• WHAT IS BEING ASKED
Within the records below, reproduce without change the lines from the line that has "2」「Surface Book 3」は在宅勤務やテレワークで働く人のよき相棒" through the line that has "Alternate Image 2", and only those.

• PROVIDED ENTRIES
== Segment start ==

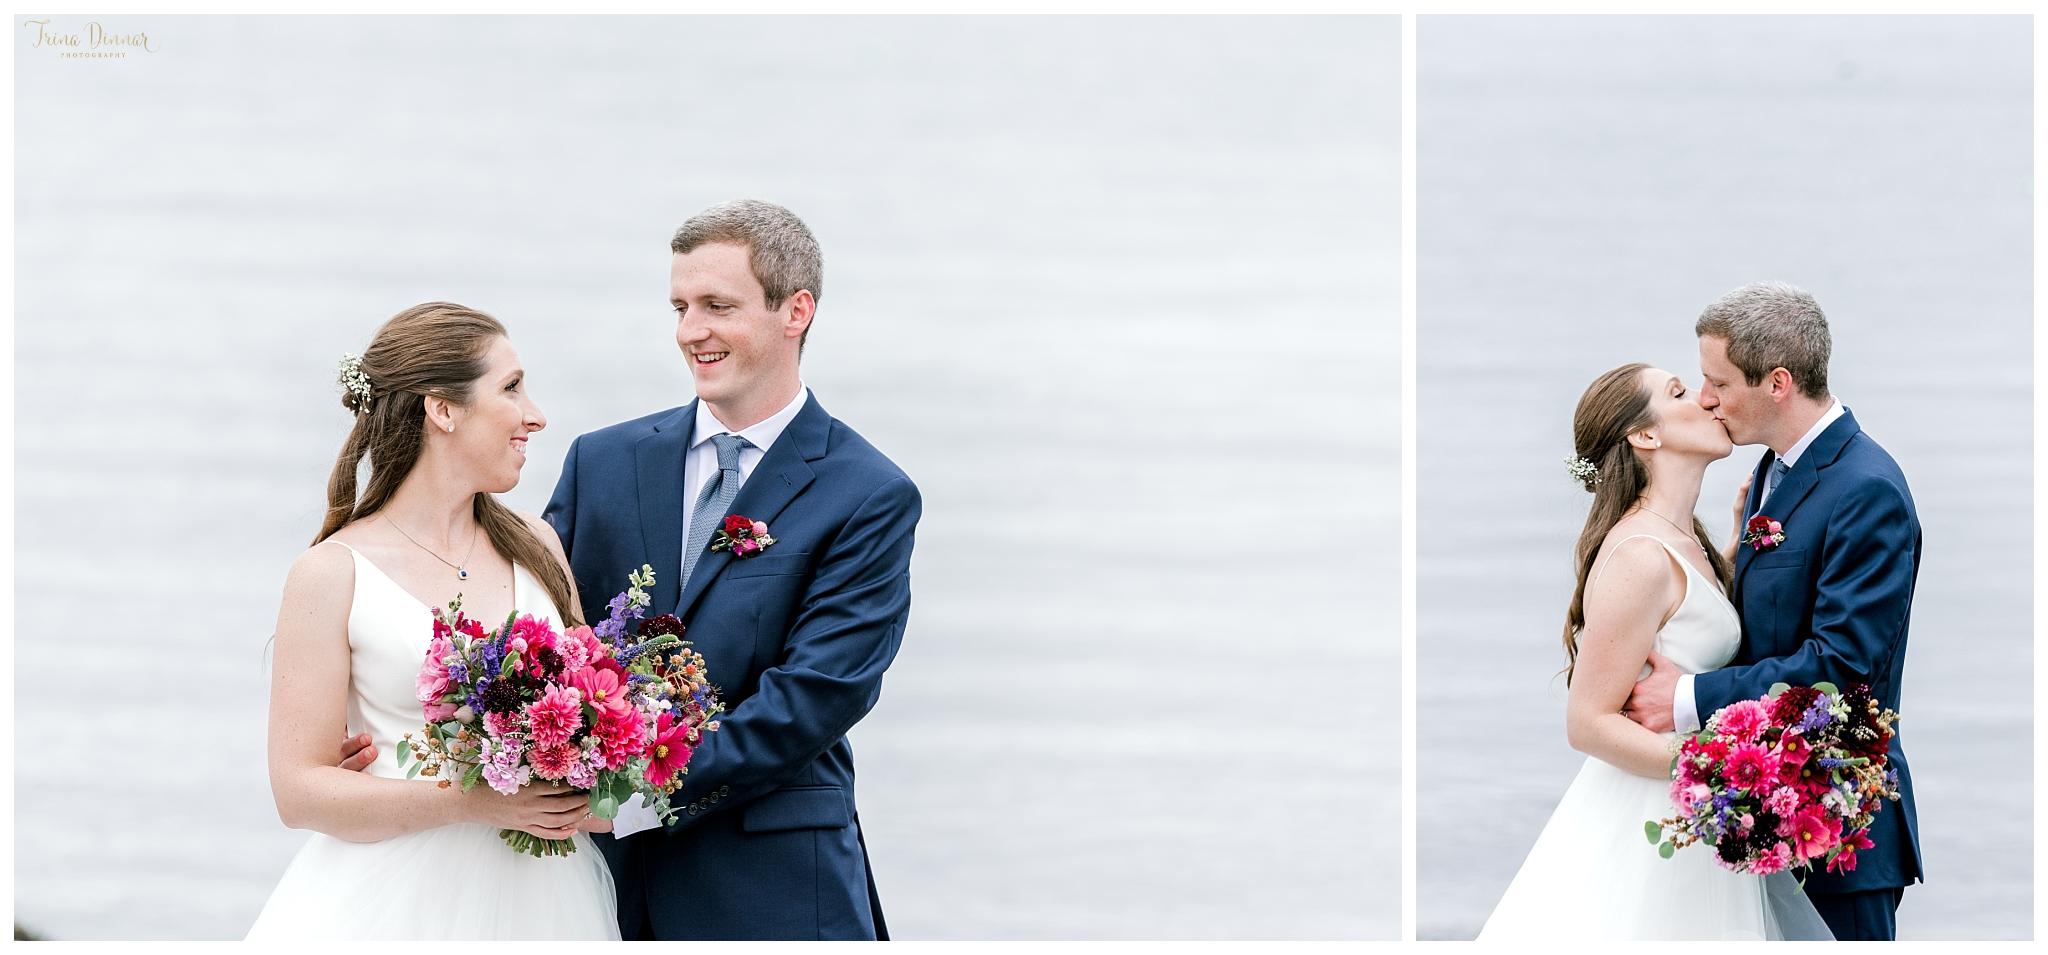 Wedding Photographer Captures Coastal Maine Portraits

== Segment end ==
== Segment start ==

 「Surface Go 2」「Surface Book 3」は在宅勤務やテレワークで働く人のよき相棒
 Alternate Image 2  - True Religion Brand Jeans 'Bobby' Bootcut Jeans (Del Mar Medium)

== Segment end ==

• SOLVED PROBLEM
 「Surface Go 2」「Surface Book 3」は在宅勤務やテレワークで働く人のよき相棒
 Alternate Image 2  - True Religion Brand Jeans 'Bobby' Bootcut Jeans (Del Mar Medium)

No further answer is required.